[[ Raw data, beginning ]]

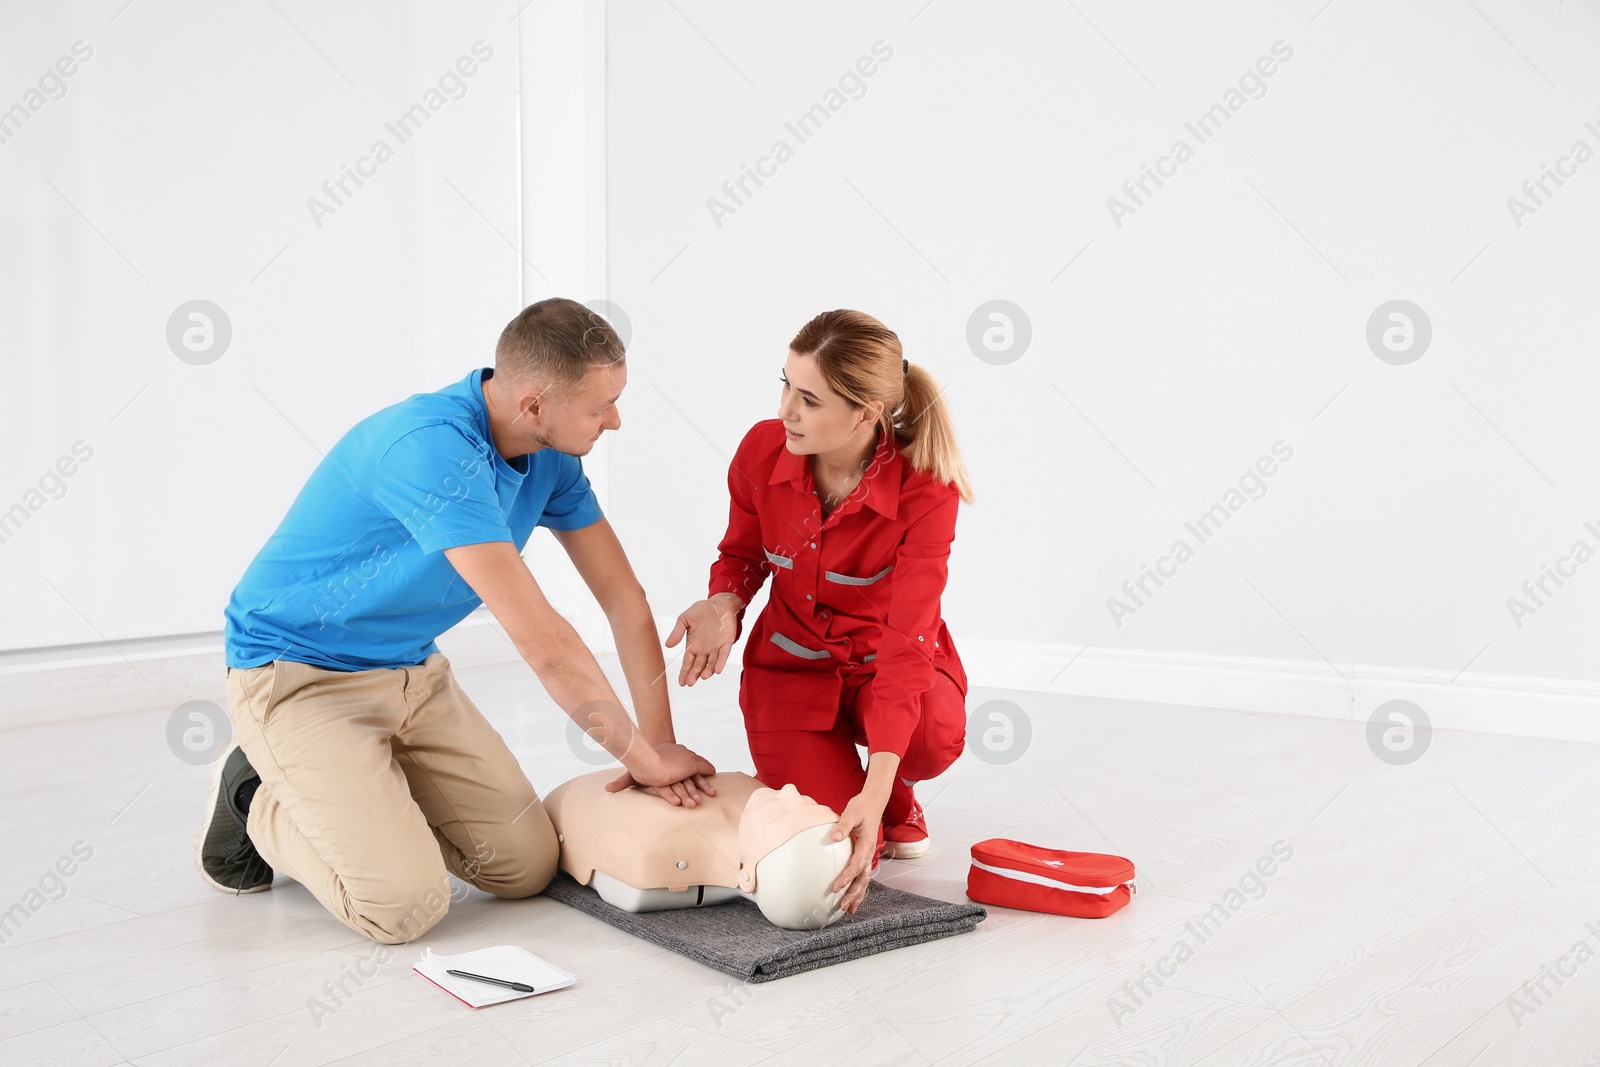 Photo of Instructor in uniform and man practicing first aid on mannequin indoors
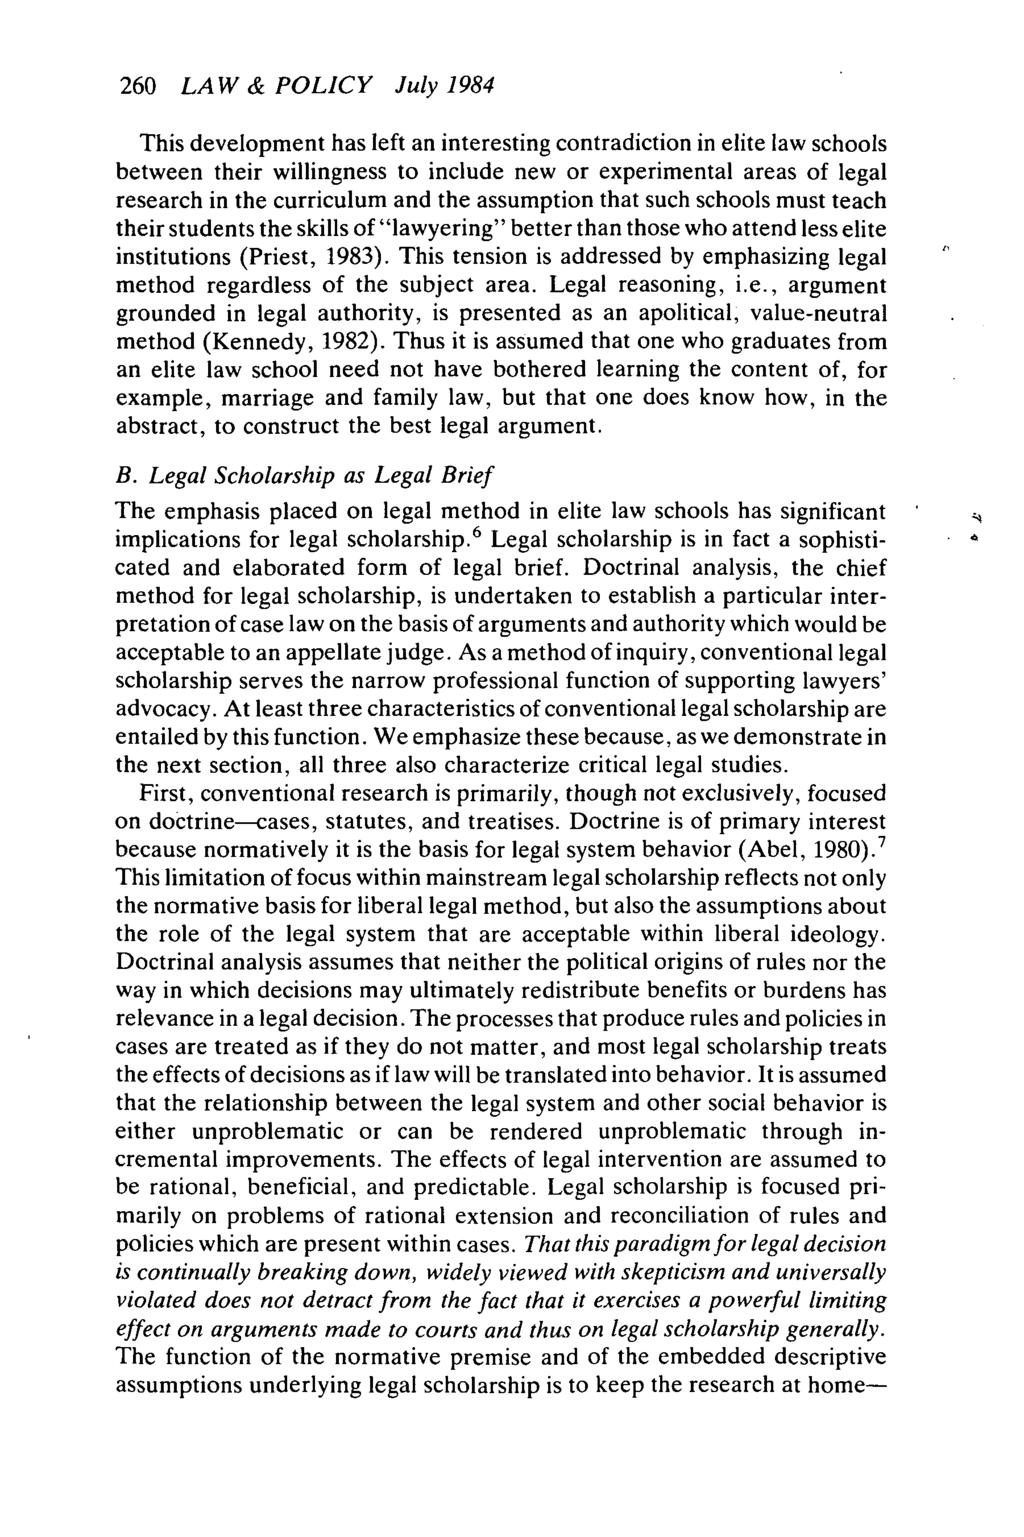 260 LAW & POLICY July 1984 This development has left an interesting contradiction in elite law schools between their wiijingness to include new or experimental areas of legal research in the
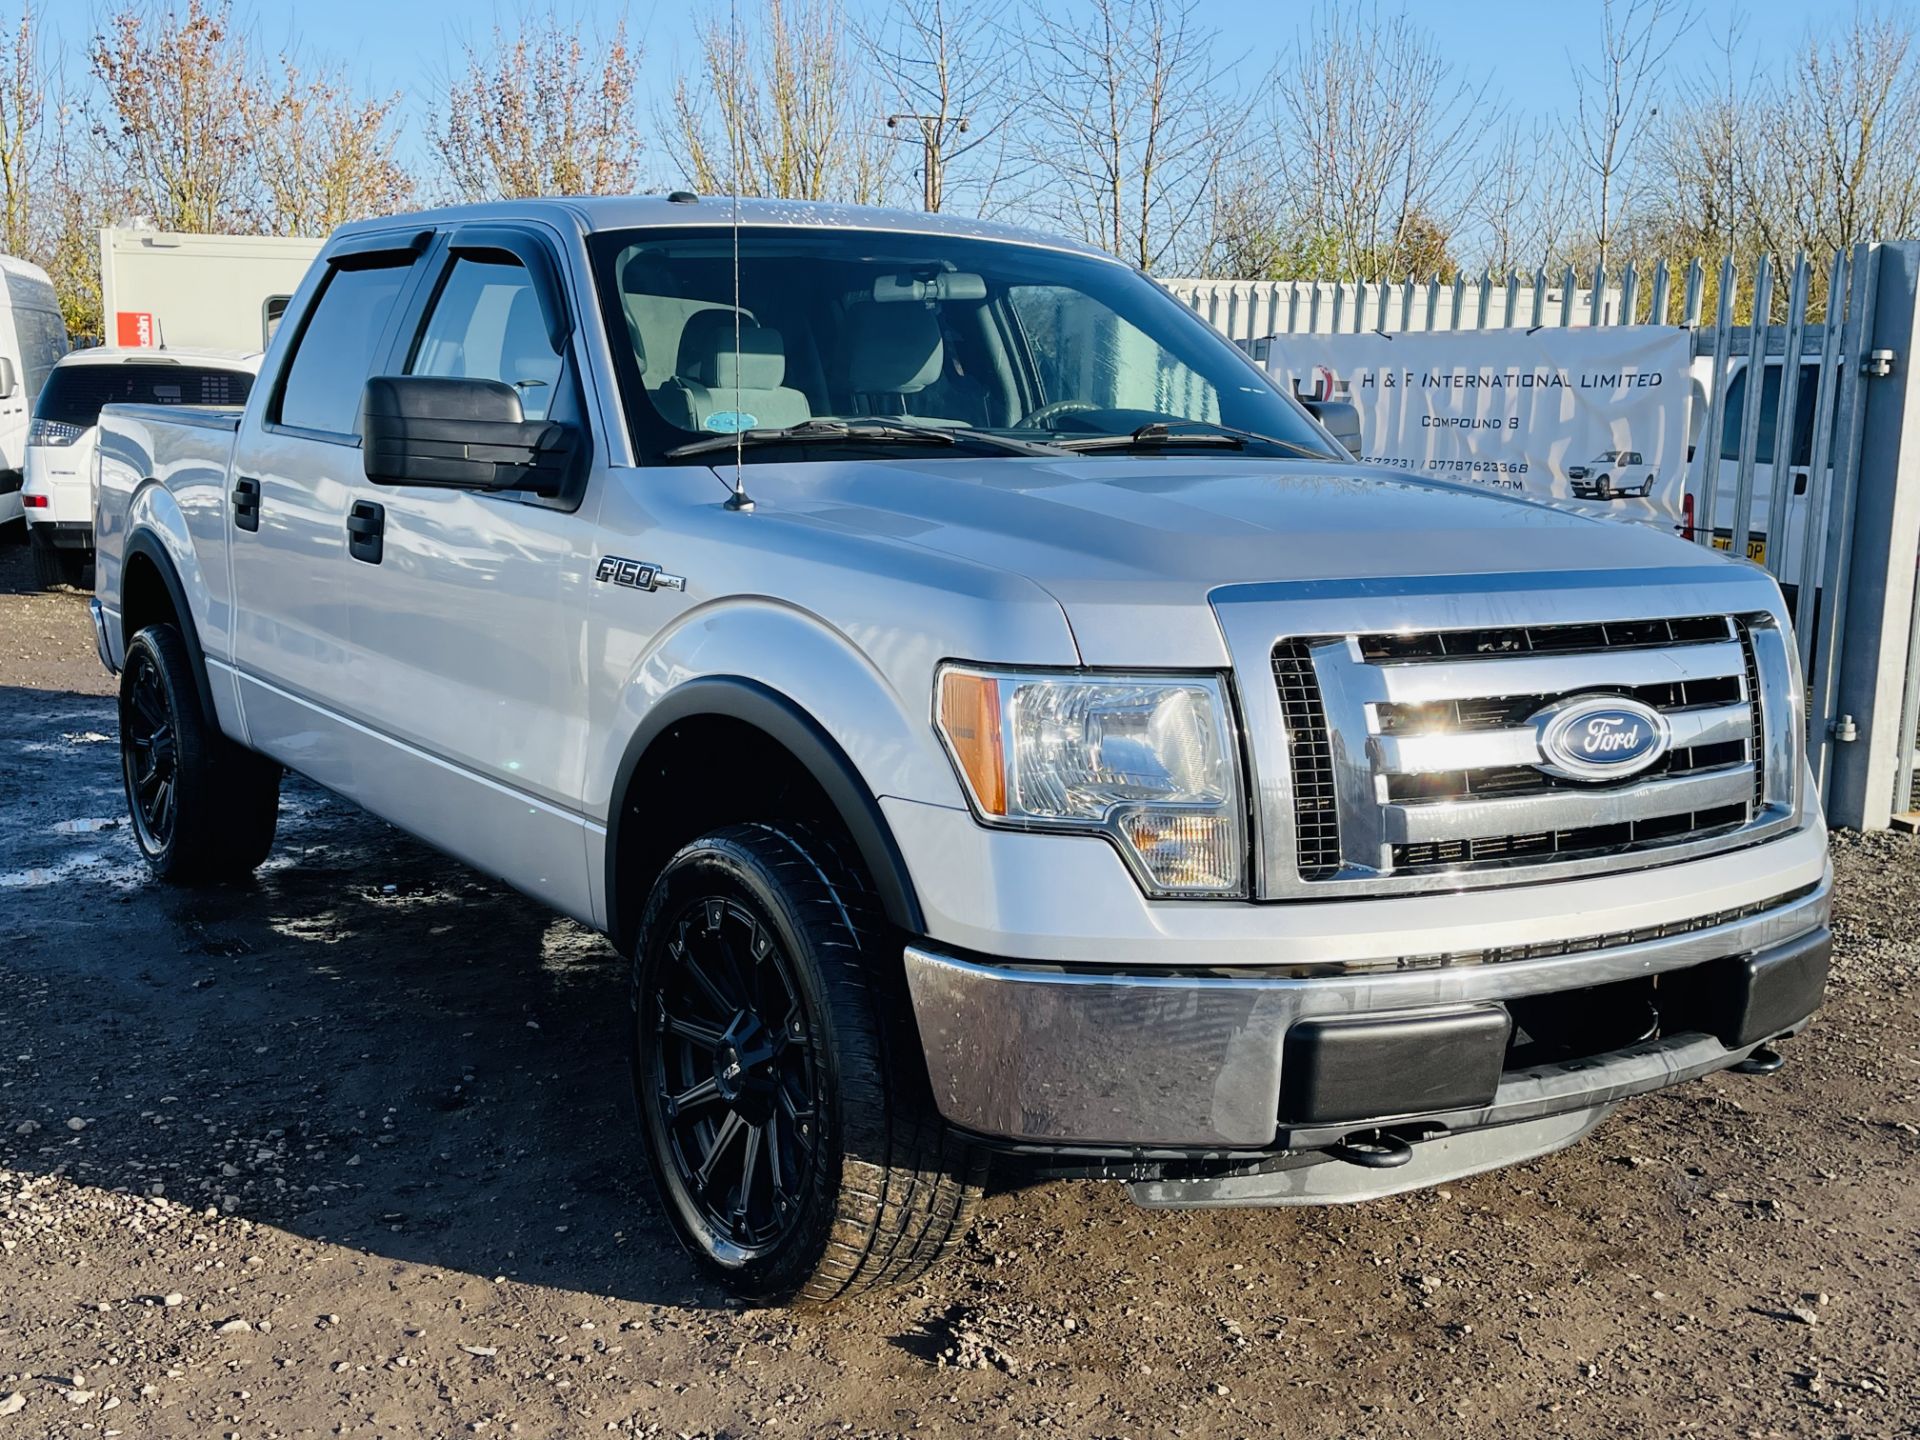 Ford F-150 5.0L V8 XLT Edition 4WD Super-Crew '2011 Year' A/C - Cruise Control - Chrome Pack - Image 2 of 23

[[ Raw data, end ]]

• [What to do] Word for word, restate only the lines from the one bearing "260 LAW & POLICY" through the final line of the listing, inclusive, with no pictures.

• [Final answer]
 260 LAW & POLICY July 1984 This development has left an interesting contradiction in elite law schools between their wiijingness to include new or experimental areas of legal research in the
 Ford F-150 5.0L V8 XLT Edition 4WD Super-Crew '2011 Year' A/C - Cruise Control - Chrome Pack - Image 2 of 23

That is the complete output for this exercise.